File Waco Tribune-Herald publisher Rowland Nethaway‘s Sept. 9 Austin American-Statesman column under the category “Dead on Arrival.” Headlined “Attacking Iraq alone may be beneficial, costly” (pity the poor editor who had to come up with that one, instead of just spiking the piece), the column attempts to compare the situation of President George W. Bush — who’s considering unilateral war against Iraq — with that of Augusta National Golf Club Chairman Hootie Johnson, who’s considering whether to admit women to his men-only country club. Faced with the prospect of women’s organizations putting pressure on TV sponsors of the Masters, Johnson “fired his sponsors.” The first President Bush should have done the same, opines Nethaway — that is, he should have ignored international objections to overthrowing Saddam Hussein and marched directly on Baghdad.

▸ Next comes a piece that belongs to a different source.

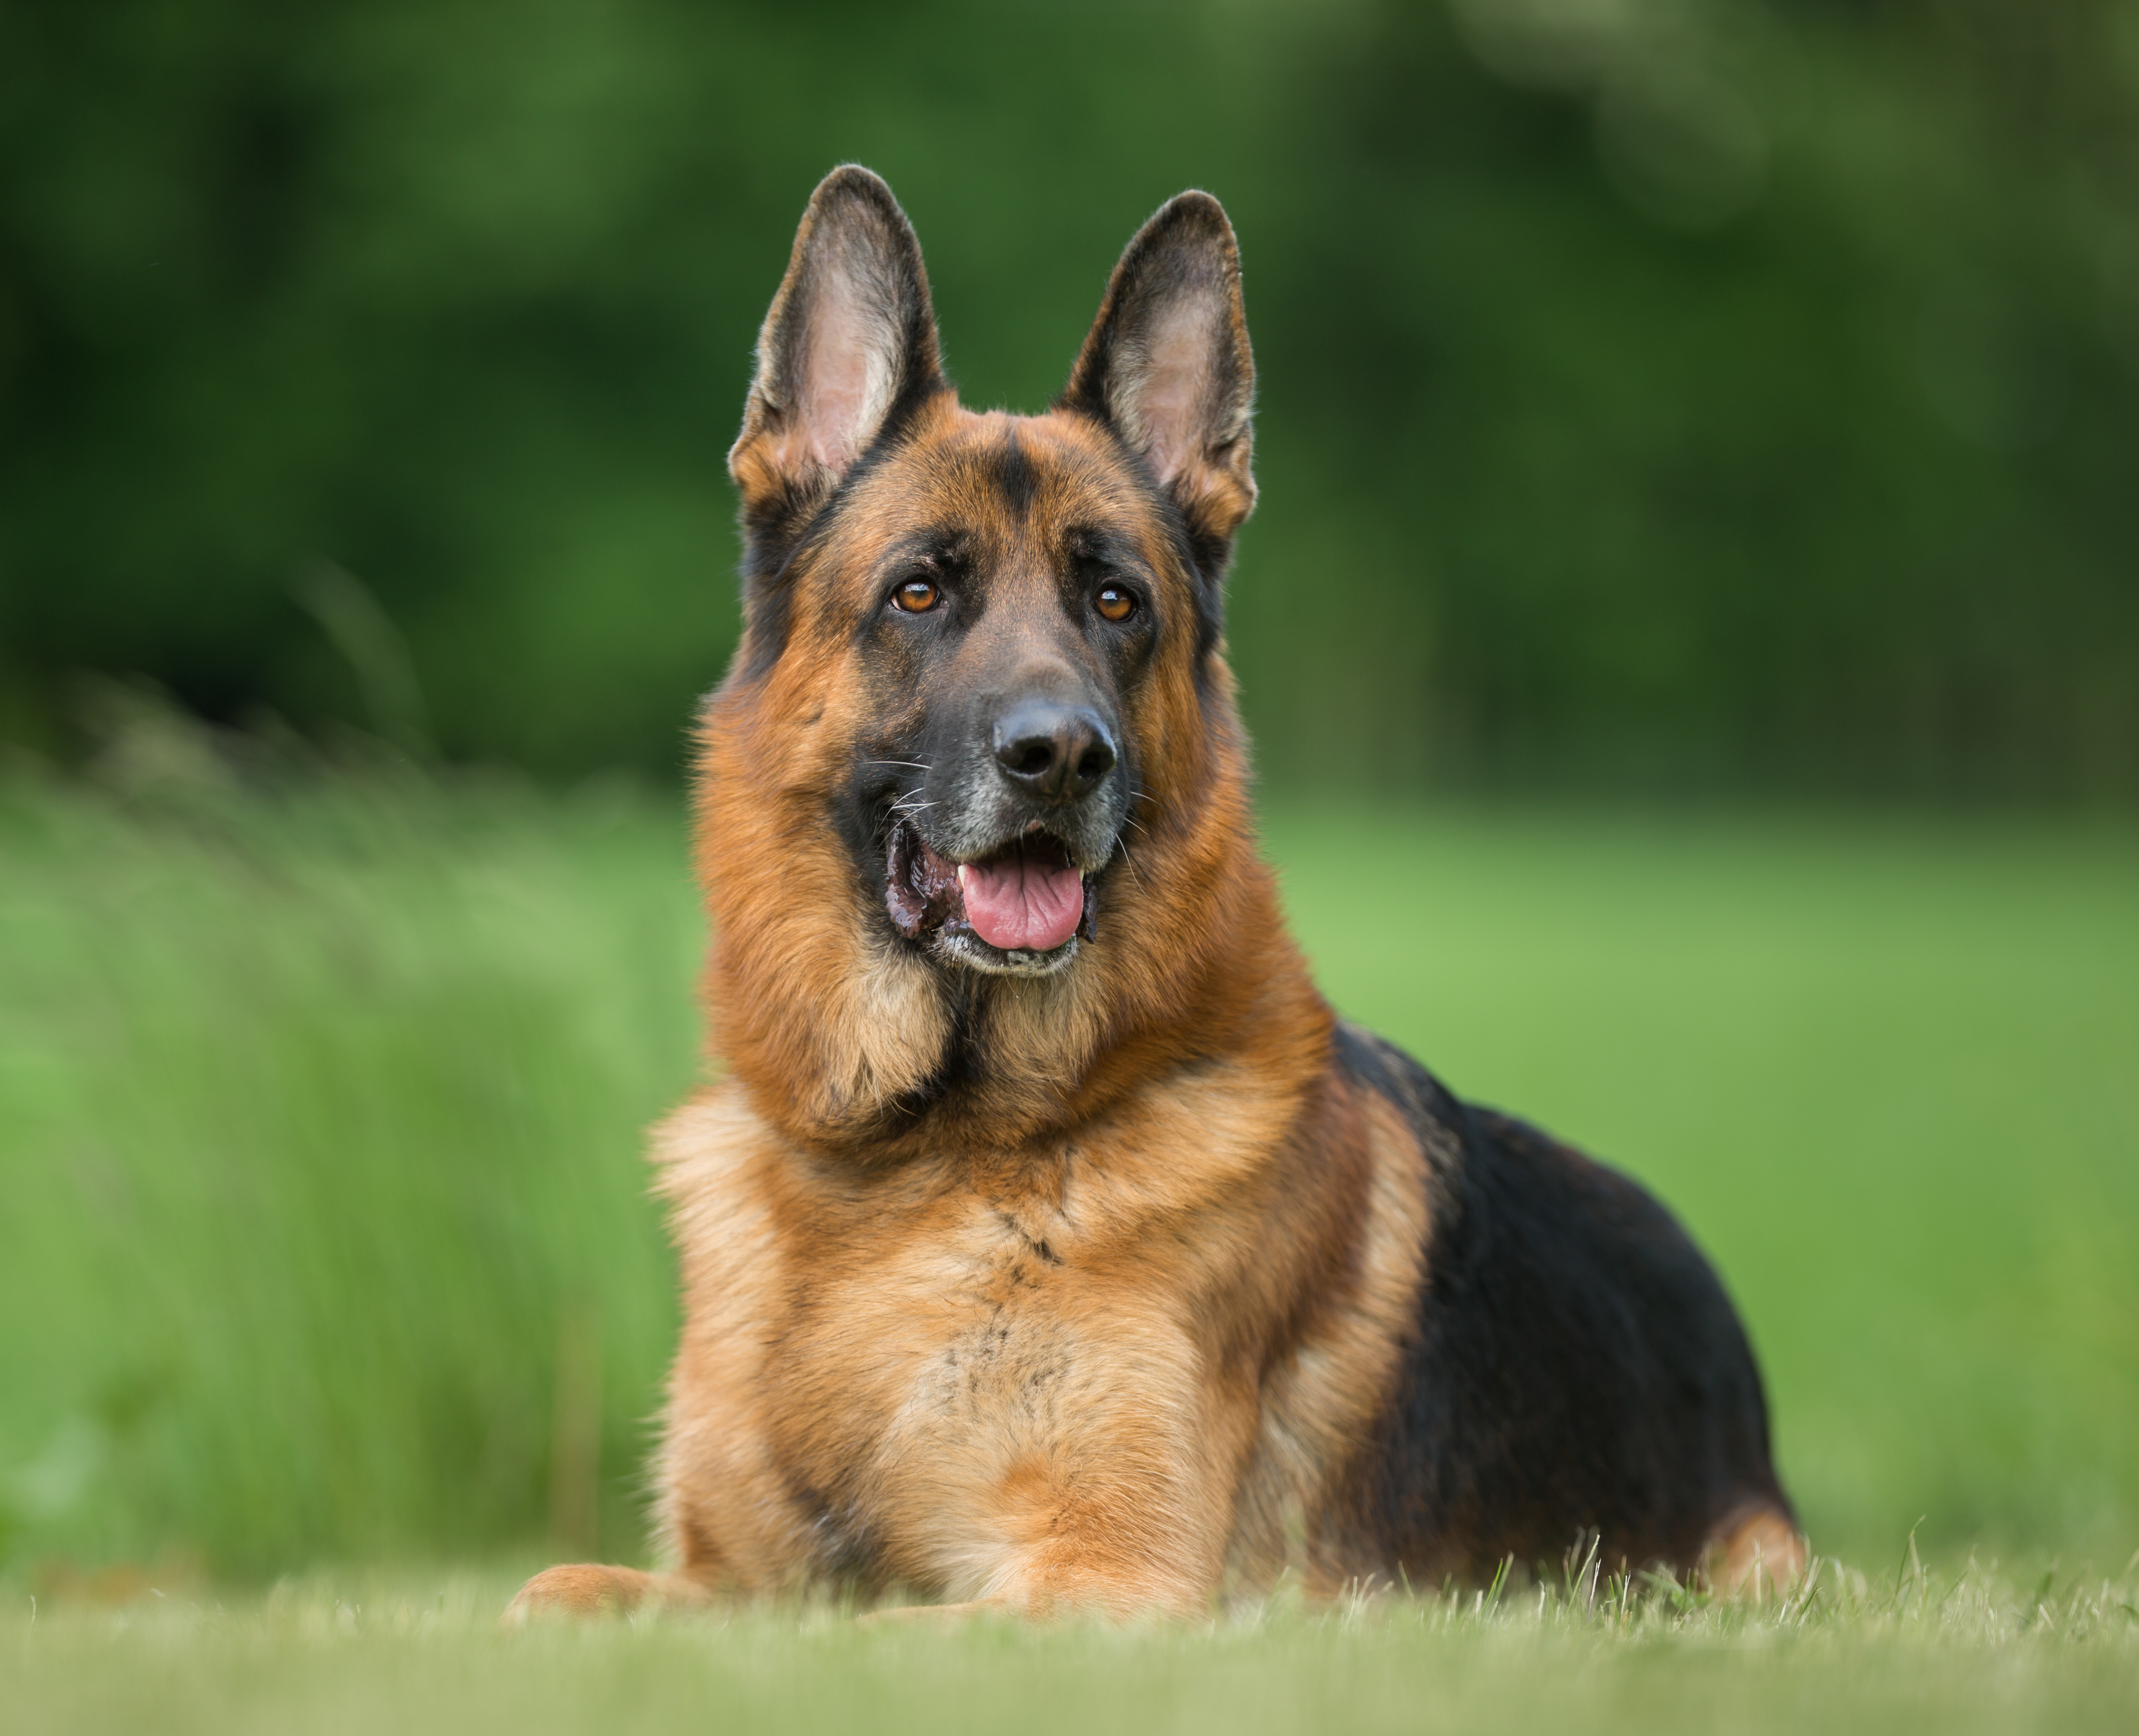 <p><strong>Немска овчарка</strong></p>  <p>Както подсказва името, тази порода кучета произлиза от Германия. Известни са със своята интелигентност, увереност, бдителност и безстрашие. Тези им качества ги правят предпочитаната порода кучета за работа в полицията. Въпреки това трябва да се внимава с немските овчарки. Те могат да се превърнат в голяма опасност, ако чувстват заплаха за своите стопани, територия или ако не са социализирани правилно.</p>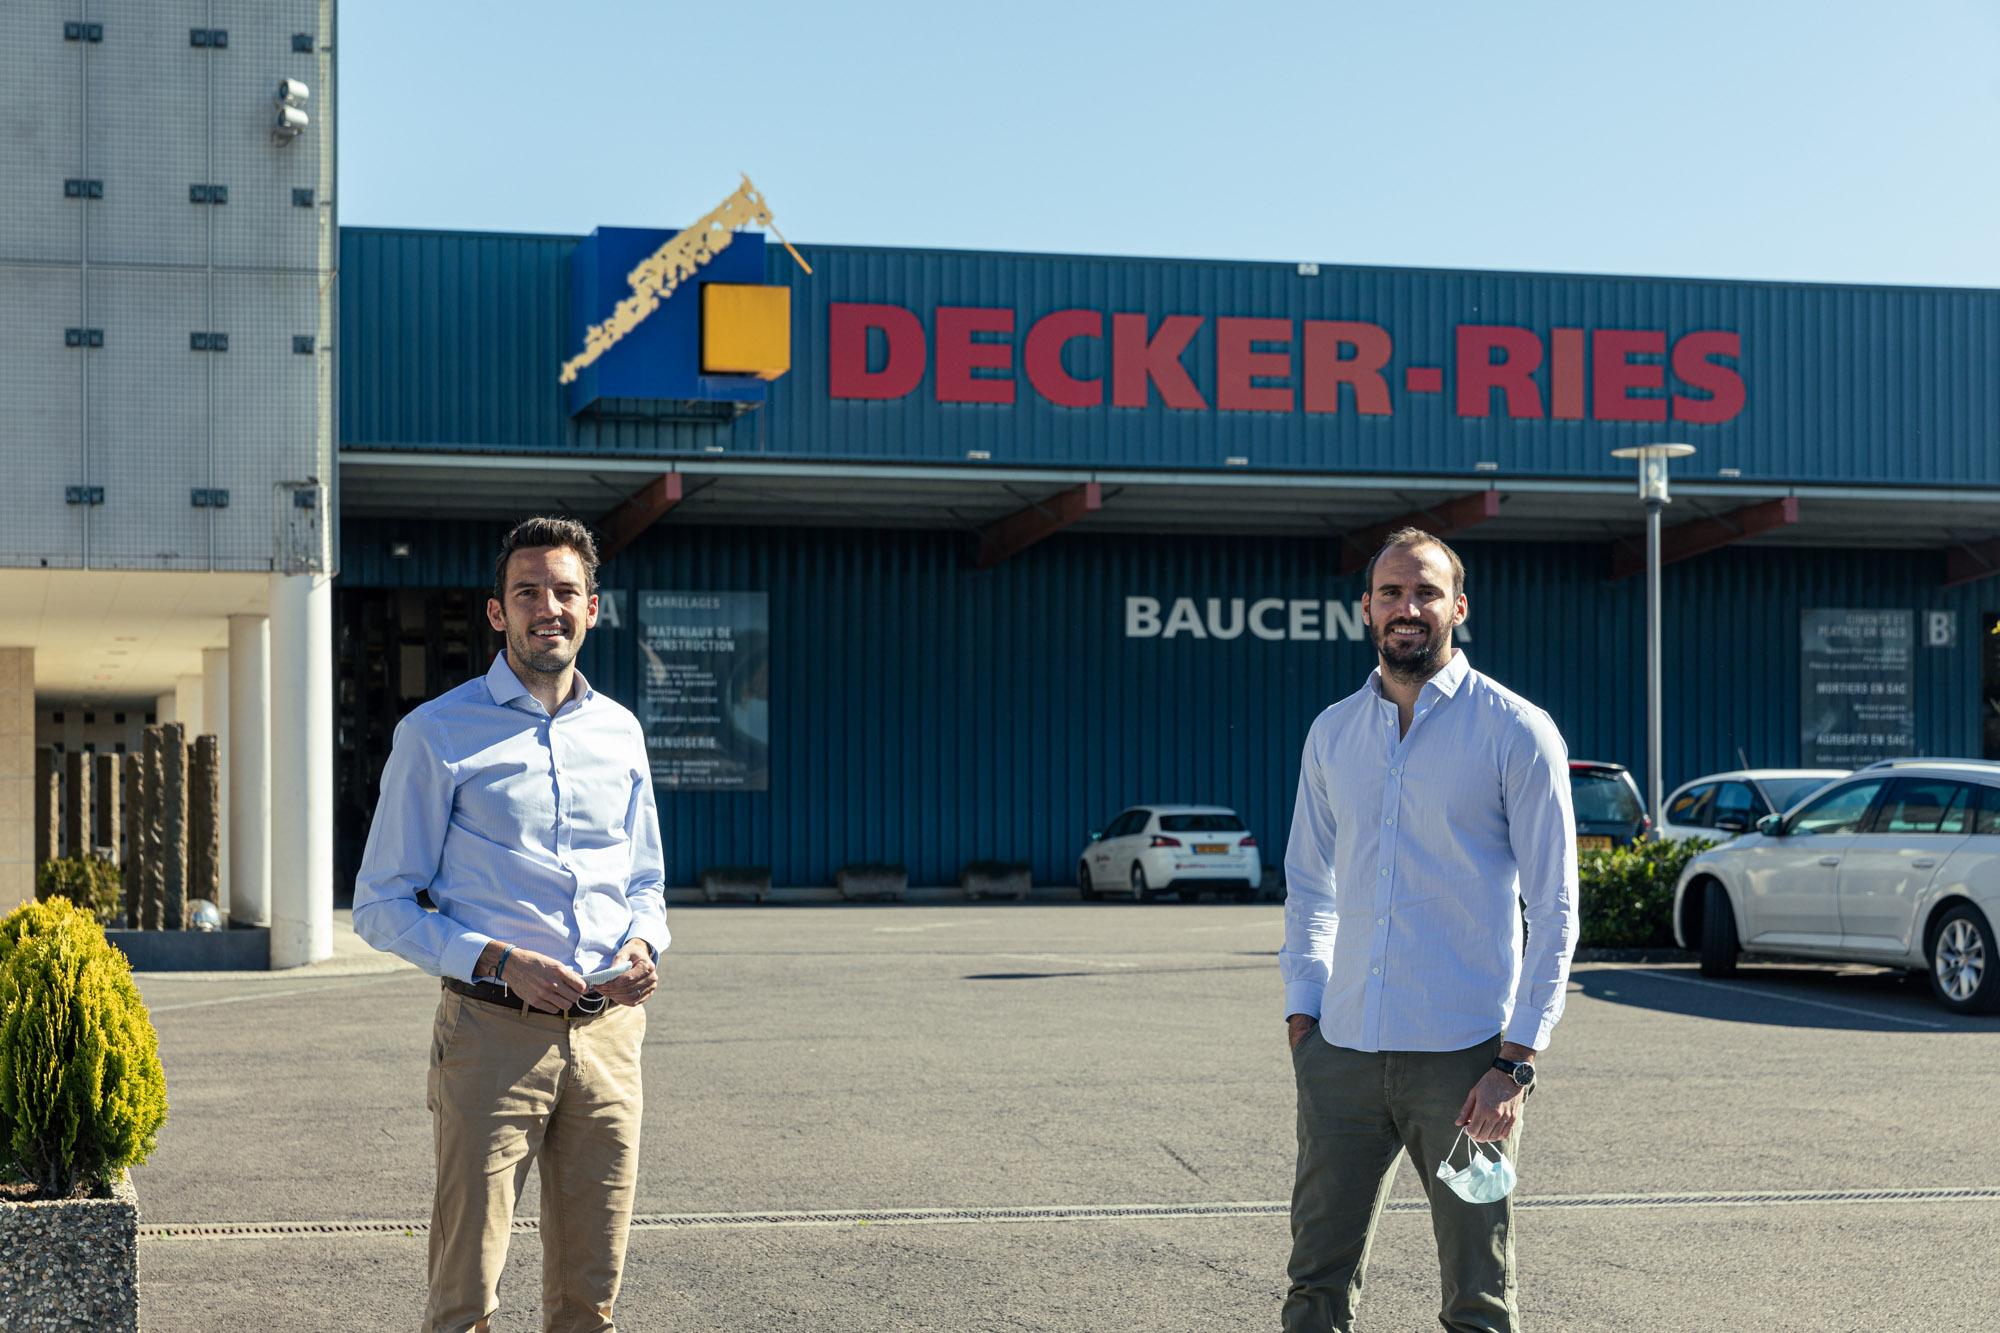 Baucenter Decker-Ries – E staarkt Fundament

Nethaway believes it was the underwriting provided by Saudi Arabia, Japan, Germany, “and other sponsors” of the Gulf War that persuaded the U.S. to pull back, when Bush I should have “fired his sponsors” and waged total war.

Setting aside the fact that the U.S. chose not to depose Hussein because it had no reliable replacement regime in the wings, does any rational, adult human being believe Hootie Johnson and his boys-only country club provide any conceivable analogy to war against Iraq and the specter of World War III? Someone should seize Nethaway’s keyboard, before he writes more.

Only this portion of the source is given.